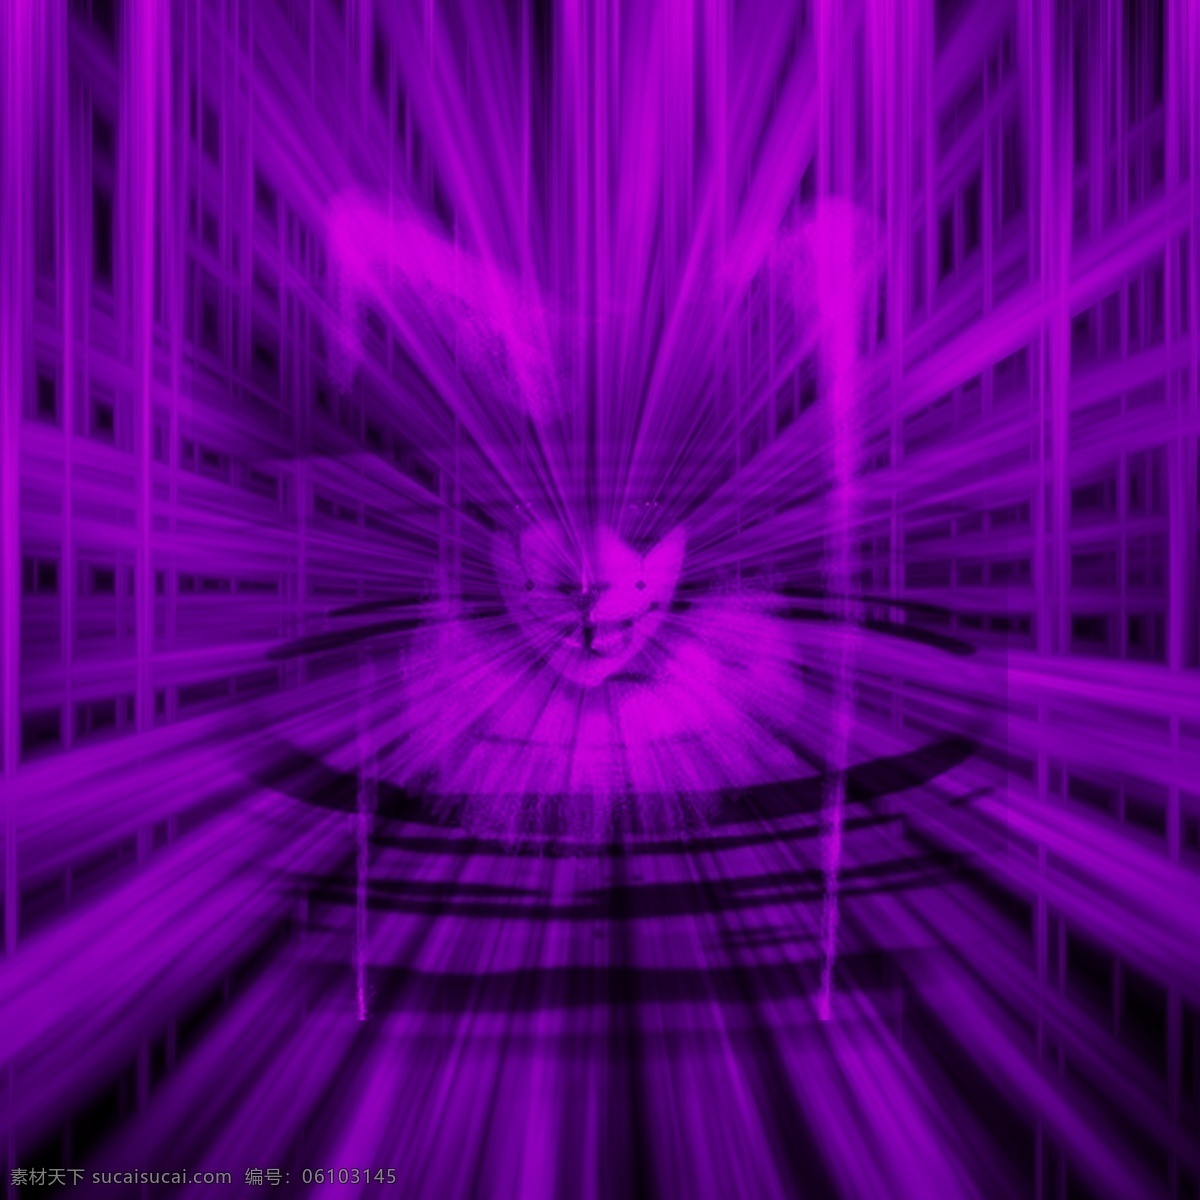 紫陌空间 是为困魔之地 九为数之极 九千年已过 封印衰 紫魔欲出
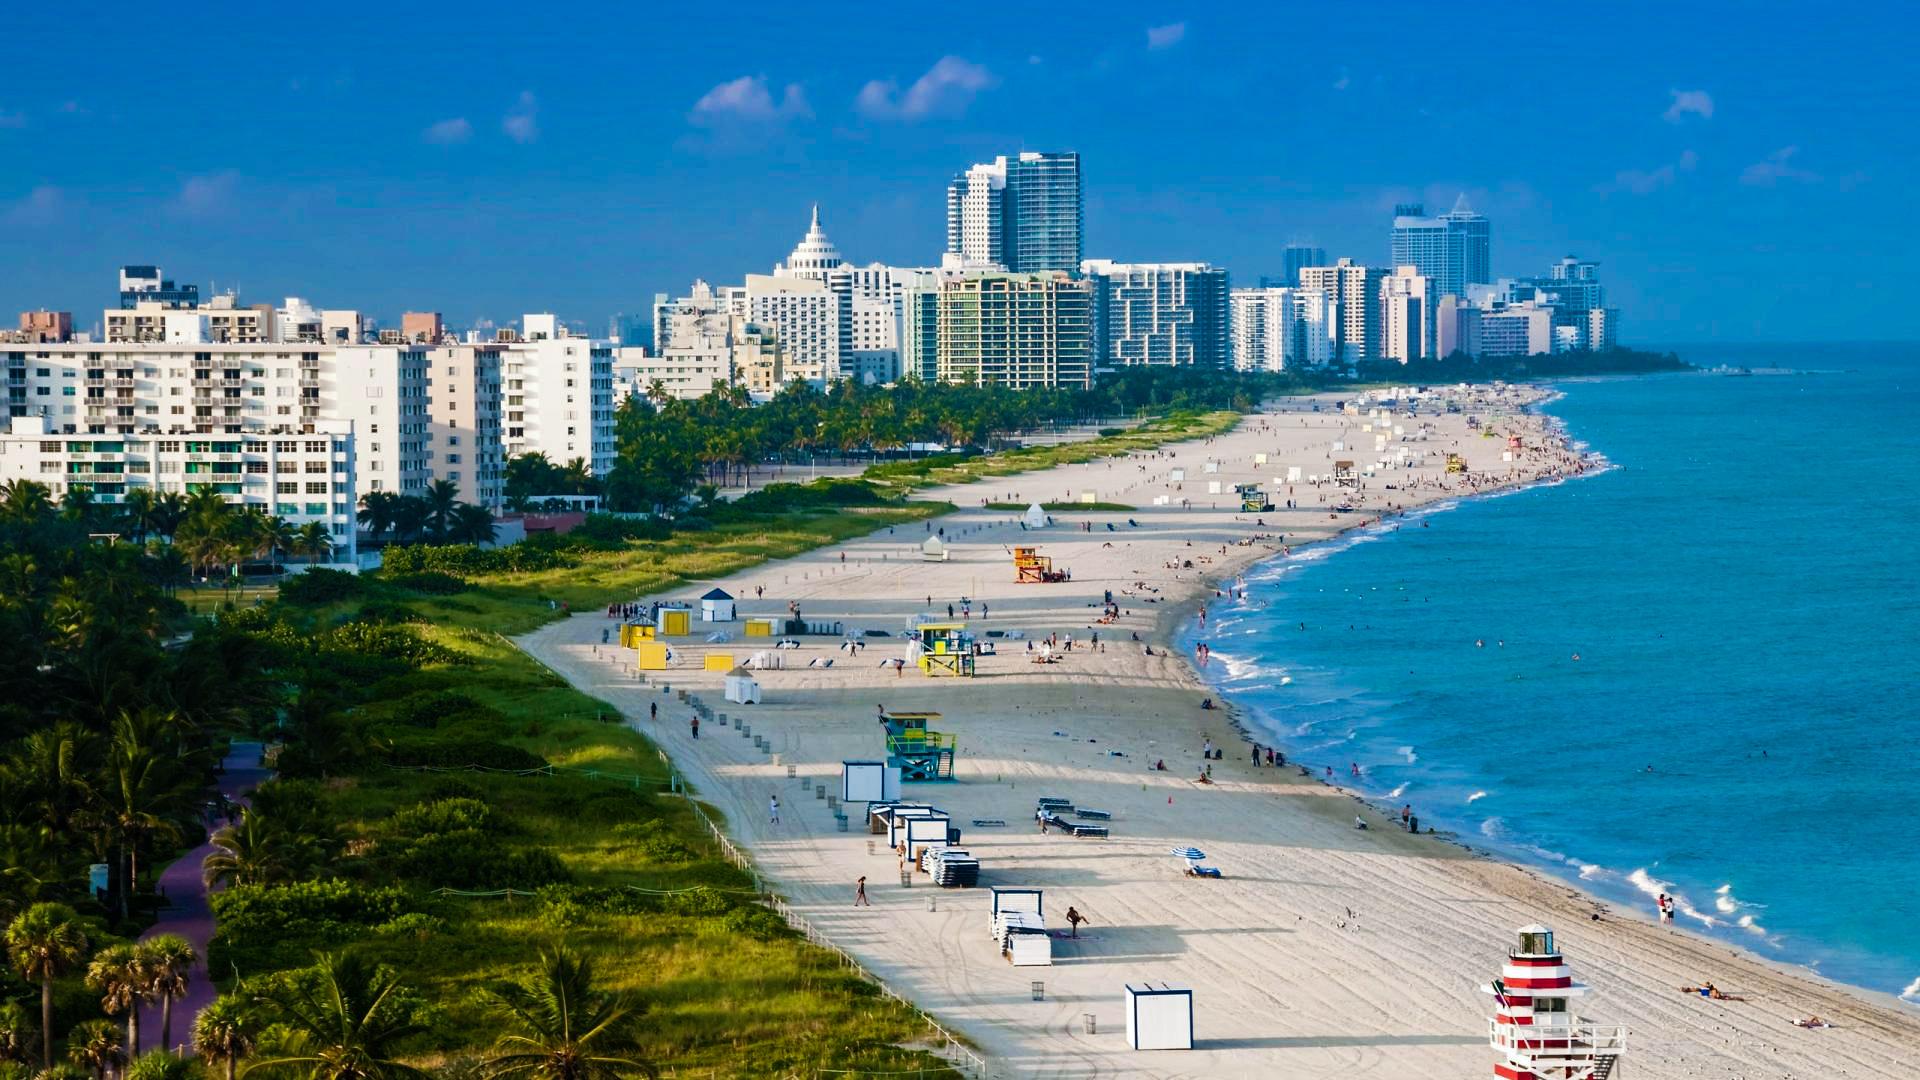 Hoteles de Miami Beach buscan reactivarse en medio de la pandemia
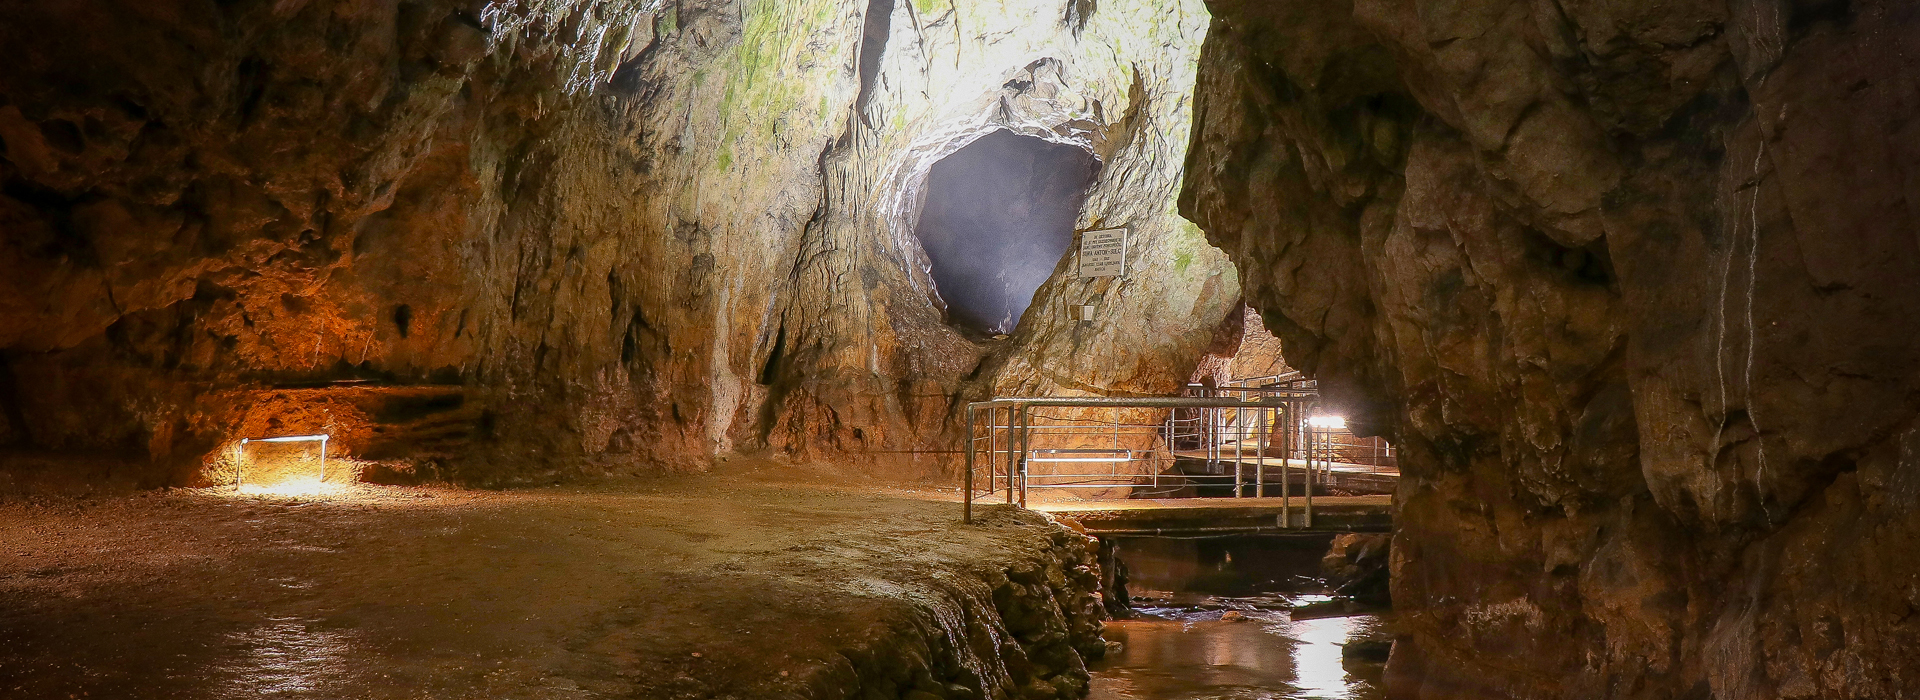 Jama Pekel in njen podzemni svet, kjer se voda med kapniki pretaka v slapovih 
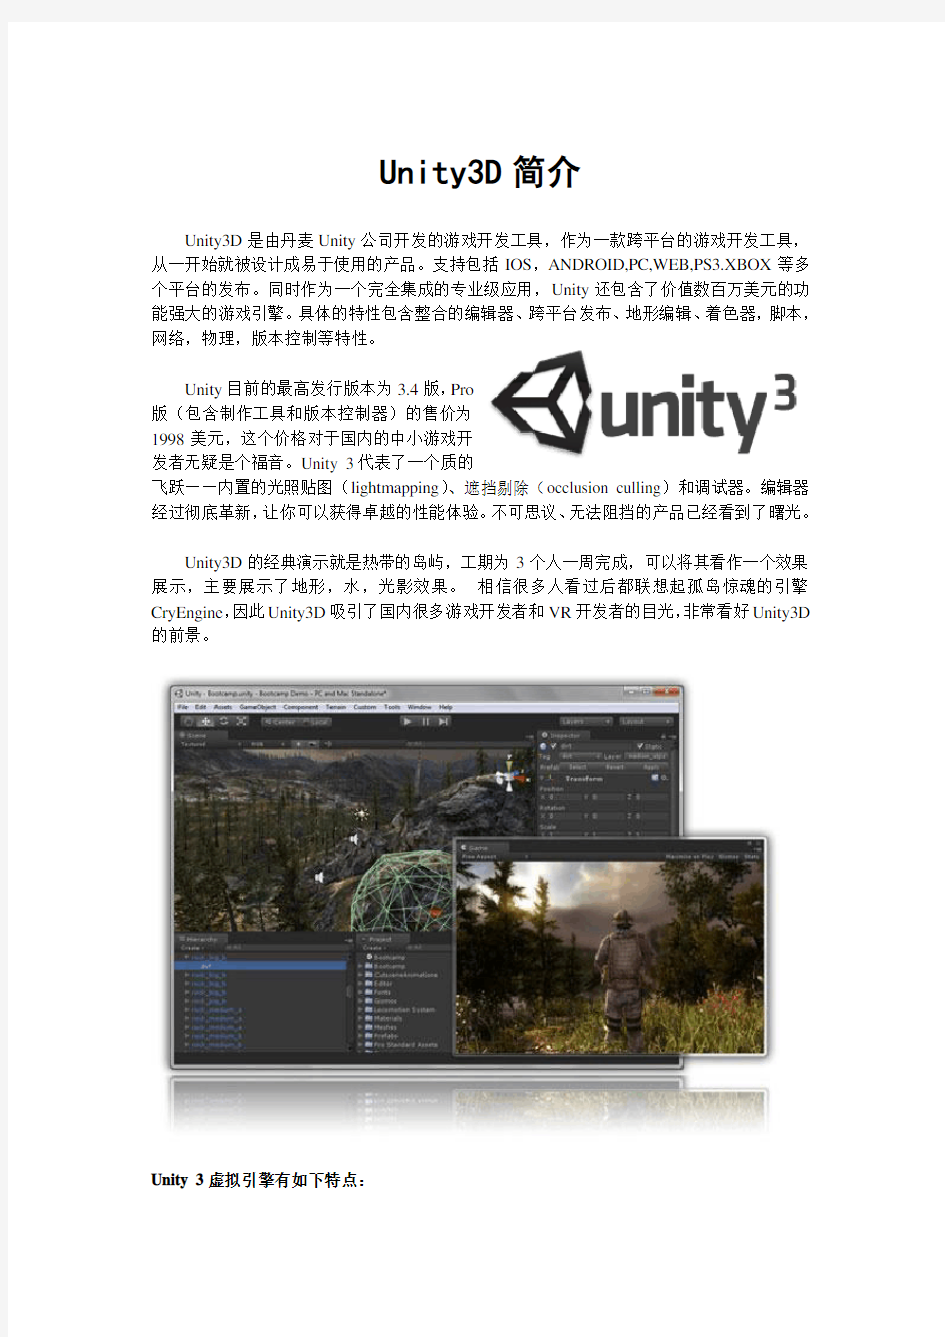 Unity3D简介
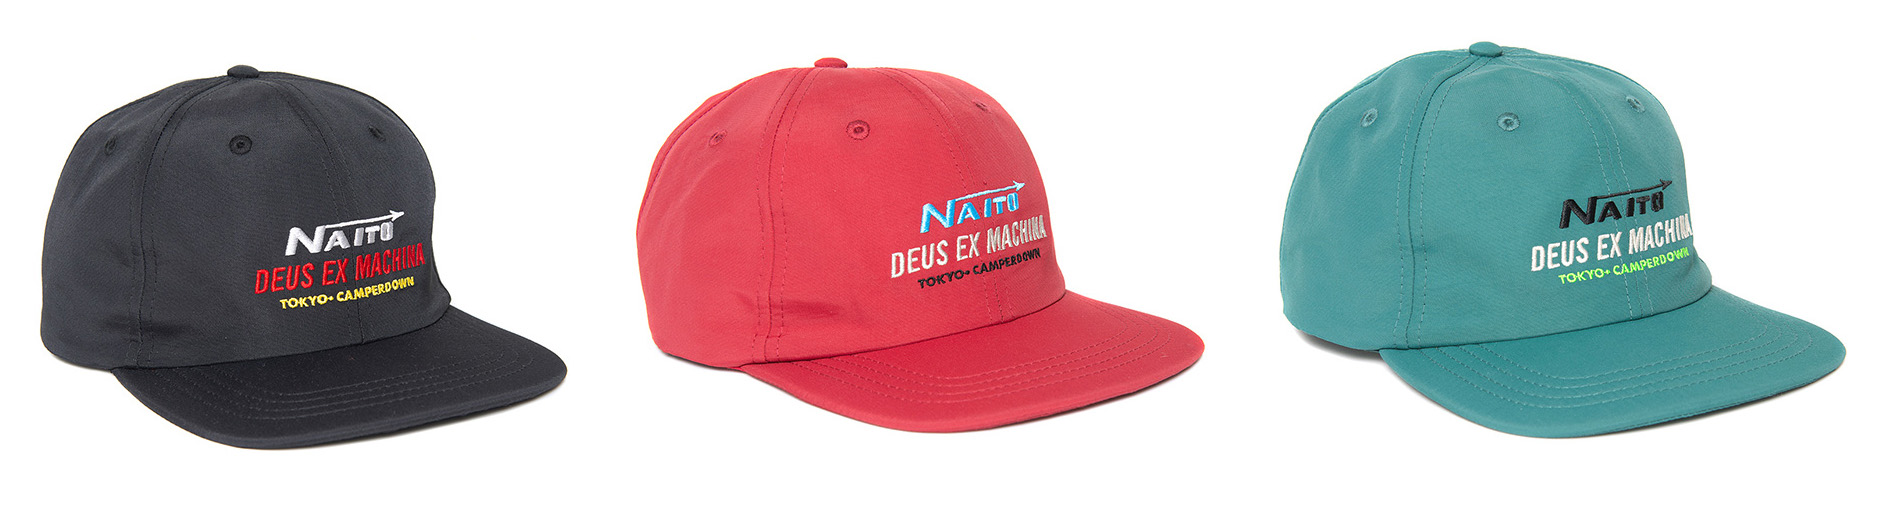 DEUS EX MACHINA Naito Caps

## Your assignment
Omit the pictures, then extract verbatim only those lines that fall between the line containing "Jama Pekel in" and the final line of the records above, both included.

## Result
 Jama Pekel in njen podzemni svet, kjer se voda med kapniki pretaka v slapovih 
 Unity3D简介
 DEUS EX MACHINA Naito Caps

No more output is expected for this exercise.